In recent years, there has been a growing body of evidence linking exosomes to cancer progression. One report demonstrated that melanoma-derived exosomes play a role in metastasis, and another that exosomes derived from fibroblasts play a role in the migration of breast cancer cells. Exosomes derived from cancer cells have been found to have a protumorigenic role associated with the transfer of mRNA and proangiogenic proteins, as well as contribute to the horizontal transfer of oncogenes.

In this latest study, Kalluri and his collaborators also showed that cancer exosomes can mediate rapid and efficient mRNA silencing, thereby reprogramming the transcriptome of target cells, but not in the absence of Dicer.

They further found that exosomes from the sera of breast cancer patients, but not healthy individuals, contained Dicer and processed pre-miRNAs into mature miRNAs. When these cancer exosomes were combined with human breast epithelial cells and were injected orthotopically into the mammary tissue of mice, they induced tumor formation. Exosomes from sera of healthy donors had no tumorigenic effect.

To Kalluri, the findings suggest that exosomes might prove useful as cancer biomarkers. "Only cancer exosomes contain Dicer," he explained. "So if we isolate exosomes from circulation in an individual [and] you see Dicer, that's a pretty good indication that that person has cancer."

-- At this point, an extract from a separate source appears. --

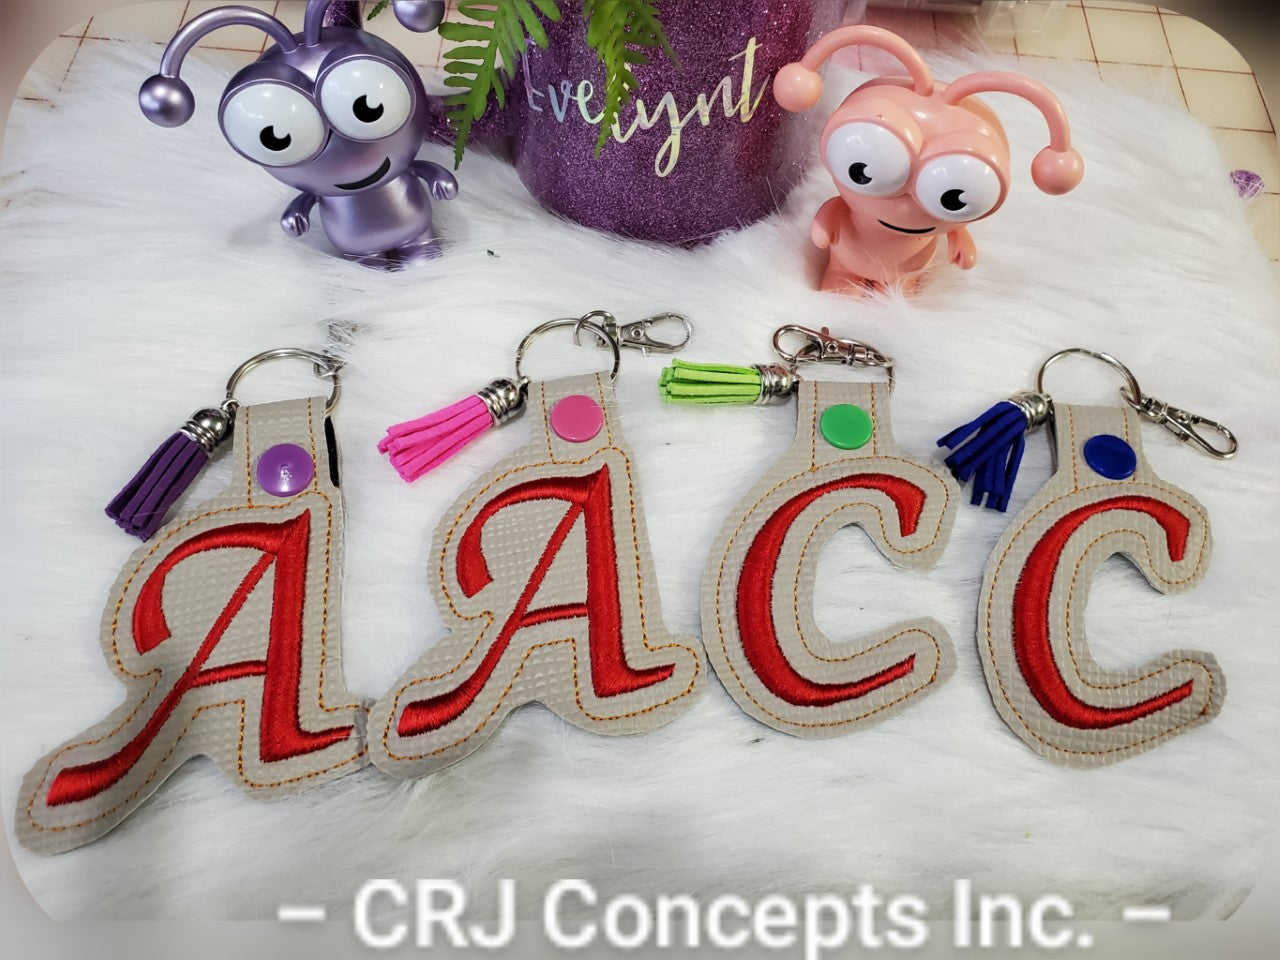 keychain holder Embroidery letters

And while the discovery that miRNA biogenesis can occur outside of a cell is intriguing from a basic science point of view, he added, it may also have clinical implications, with exosomes being co-opted as a sort of biological factory where miRNAs can be created and then delivered to areas of the body where they could have a therapeutic effect.

Still, Kalluri cautioned that the data are preliminary and that work is underway in his lab to extend the findings to other cancer types.